The portfolio is the principal artifact used by the Institute to monitor progress of doctoral
students. This document is intended as a guide to the portfolio component of these
requirements. Adhering to these guidelines is a requirement for continuing in the doctoral
program.

Portfolio Requirement
Every doctoral student is required to assemble and submit a portfolio for review no later
than the date specified by RIIHL.

Portfolios are reviewed on a regular basis (generally once a year, by the Portfolio
Evaluation Committee (PEC), a faculty committee appointed by the department chair.
Feedback to the student on portfolio contents and on progress towards admission to
candidacy is provided as a result of these reviews.

New portfolios should be submitted to the student's academic advisor for preliminary
review. The advisor may suggest that the student make modifications. Students should
print the cover page form and include the form with the Portfolio for submission to the
academic advisor for review.

Portfolio Content & Organization


Every student in the doctoral program is required to prepare a three-ring binder
containing as much as possible of the information described below. For each major
section, please begin the corresponding section in your binder with a tabbed separator
labeled so as to identify the section heading. All sections are required to be included.

1. Summary Data
a. Complete the following table on personal information:

Personal Information
Your Name:
Your SSN:
Date entered program
(semester/year):
Full or part time student?
Principal source of support:
b. Give the names of your dissertation advisor and other committee
members. If the committee has not yet been formed, please indicate this
.Note that advance into candidacy can only be approved when a committee
has been appointed.
Doctoral Committee
Major Professor / Advisor
Committee Member
Committee Member
Committee Member
External Committee
Member
c. Complete the following table on core courses . You must complete five (5)
core courses in total: one course from each of the three core areas and two
additional courses from the remaining core courses. List these five core
courses in the table below, starting with three from the three core areas.
Note that only those core courses you completed with a grade of B or
higher will count towards the complete set of five, so only list the core
courses with a grade of B or higher:
Core Graduate Courses and Grades
Core Core Semester Taken or Name of Grade
Area Course Planned Instructor Received

d. If you are requesting that courses taken at other institutions be counted


toward the core, please provide supporting documentation showing the
equivalence. In addition, our department's Director of Graduate Studies or
another qualified graduate faculty member has to make an examination
and determine that the course is equivalent.
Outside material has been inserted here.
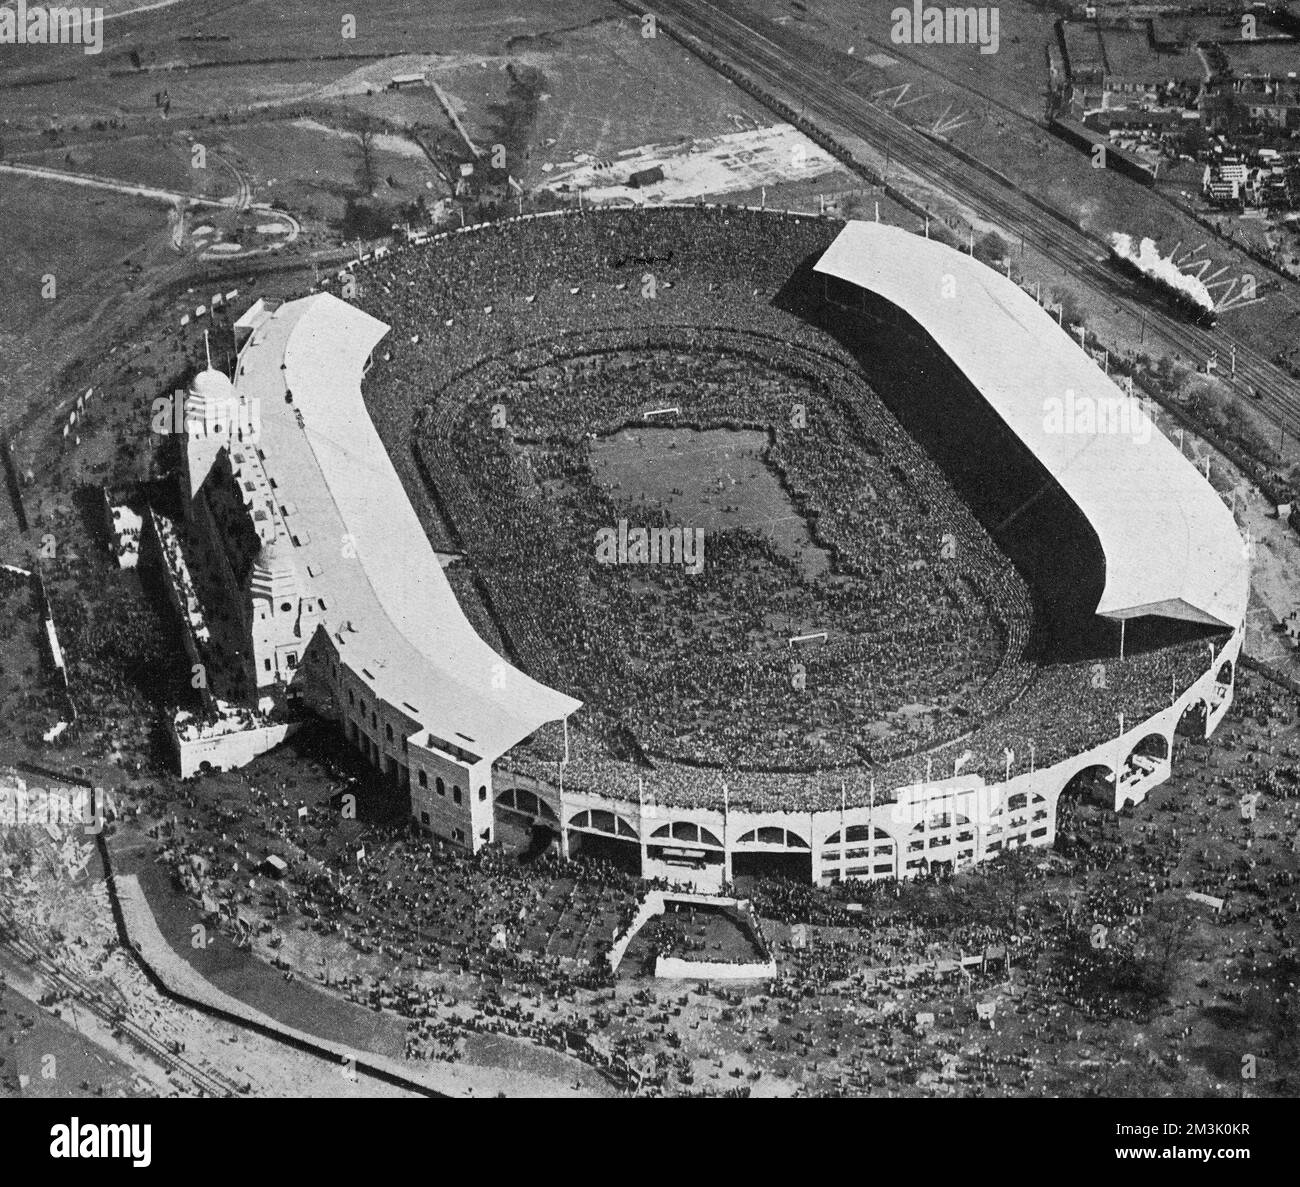 Aerial photograph of Wembley Stadium before the start of the 1923 F.A. Cup Final between Bolton Wanderers and West Ham United. This was the first Cup Final held at the then brand-new Wembley Stadium, which had been built in 300 days at a cost of ??750,000.  Before the match began a crowd of about 100,000 (most without a ticket) stormed through the gates and into the stadium. This meant that there was approximately 200,000 people in a ground designed for 127,000.   The photograph shows the scene as the spectators moved onto the pitch, due to the pressure of people behind them. The match started Stock Photo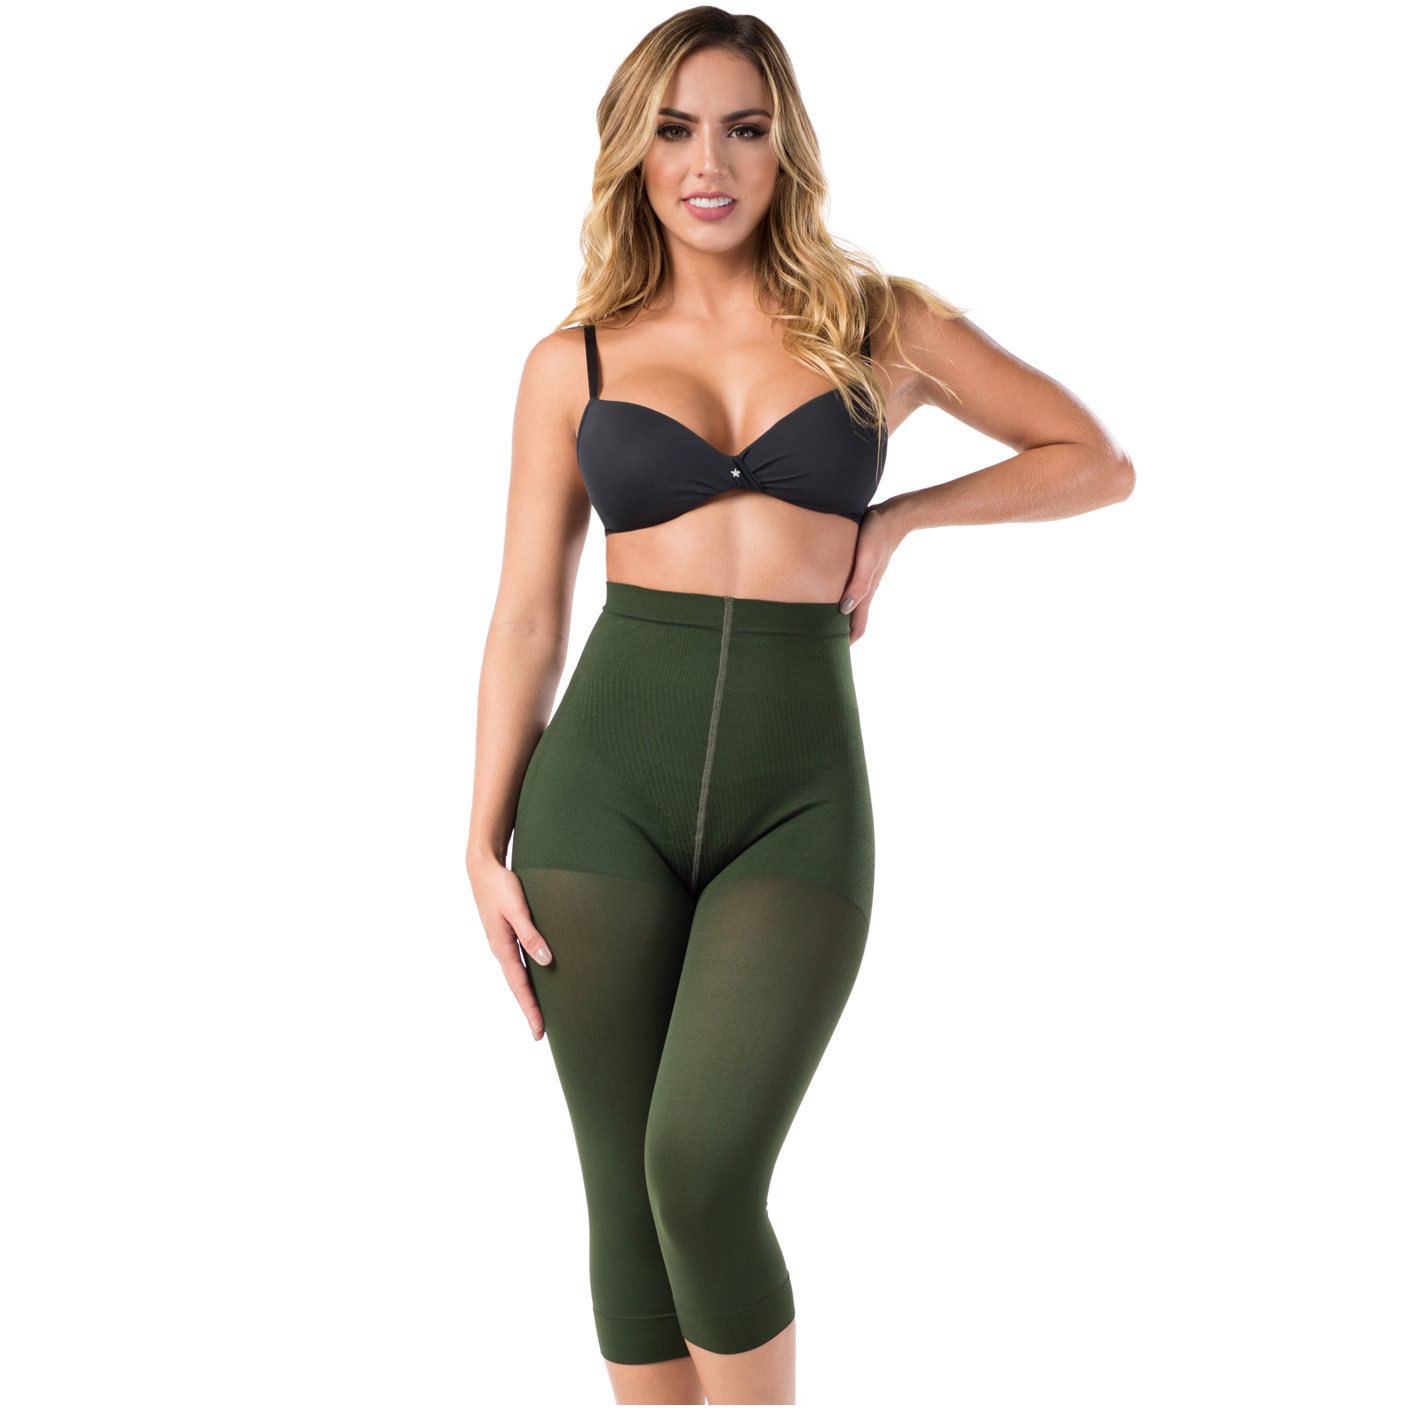 Laty Rose: 21840 - Colombian High Waist Tummy Control Leggings - Showmee  Store

Obtain a letter or memo
signed by this person and put a copy in the portfolio. In any case, include
in your portfolio a copy of the course syllabus, including at least the
information about the prerequisites, topics, and textbook or other
references used, and copies of whatever graded work (examinations,
projects, etc.) you have retained from the course.
e. In general, to be equivalent, a course must be a graduate course, with
similar prerequisites, a similar list of topics, and similar performance
expectations. For example, a course in operating systems will not be
considered equivalent unless it is a "second semester" course, i.e. one for
which there is another operating systems course as prerequisite. For the
theory area, the course grade must be based on the ability to do
mathematical proofs.
f. Complete the following table on elective courses, including all the
graduate courses you have taken (including thesis courses) that are not in
the list of core courses above.
Elective Courses and Grades
Elective Semester Taken or Name of Grade
Course Planned Instructor Received

GPA for elective courses:


g. Complete the following table for all area exams you have taken or plan to
take. The last row should be the exam you have taken or plan to take for
your current degree.
Area Exams
Exam Coverage Area Date of Exam (semester/year) Result of Exam

h. State whether you have chosen a doctoral research topic and, if known,
give a brief description of the proposed research. (one or two sentences)

2. Curriculum Vitae

The CV should contain the following information:

a. Academic degrees: List all degrees you have earned to date, including for
each degree the date it was conferred, the subject area, and the institution's
name and general location.
b. Professional employment: List any teaching or research assistantships, any
fellowships, and any nonacademic jobs providing training or experience in
the area of specialization or closely related areas. For teaching and
research assistantships, indicate level of effort, e.g., whether these were
1/2 time, 1/4 time, etc. appointments.
c. Honors and Awards: List any special academic honors, awards, or honor
society memberships.
d. Publications: List all published writings for which you are the author or a
co-author.
e. Service: Indicate anything you have done which either directly or
indirectly benefited the department, university, or the profession--e.g.,
officer of the student chapter, reviewer for professional conference or
journal, assistance at any professional conference, help at science fairs,
service in local public schools, etc.

3. Research Publications and Writing


a. Begin this required section by repeating the publication list cited in your
CV.
b. Place a reprint or photocopy of one research publication of which you
were a contributing author. State the role you played in this publication,
i.e., what was your role in the research and in the writing of the paper.
c. If you were not the person primarily responsible for writing this paper, or
if you have no publications, then you must contribute a work of a research
nature which you personally created. This should be your Masters Thesis,
or if you have not written a thesis, then some other research oriented
writing such as the area survey paper.

Doctoral Dissertation Guidelines


1. Submit a proposal by postal mail to the Doctoral Dissertation Committee of RIIHL
2. The proposal must contain:
a. A title
b. A carefully developed thesis statement. The sole purpose of the dissertation is to
prove your thesis statement. Proposals that do not contain a correct thesis statement will
be denied. A correct thesis statement will be a statement, not a question, not a title, not a
phrase and not an idea. (The title and the thesis statement serve two different purposes.
Be sure you understand the difference.)
c. An outline of your proposed work. A Table of Contents will suffice. You have the
freedom to make certain adjustments from the outline as you start your work, but it
should be followed as carefully as possible
d. The style manual you will use (choices are listed below).
3. You may begin research at any time, but don’t start the actual work you have receive
approval of your Proposal.

Any dissertation that is submitted without a complete and correct


Proposal will be returned with no grade.

Presentation

1. Your work must be judged worthy of commercial publication by the Doctoral


Dissertation Committee.

Failure to successfully comply with this section will result in a loss of 5 points.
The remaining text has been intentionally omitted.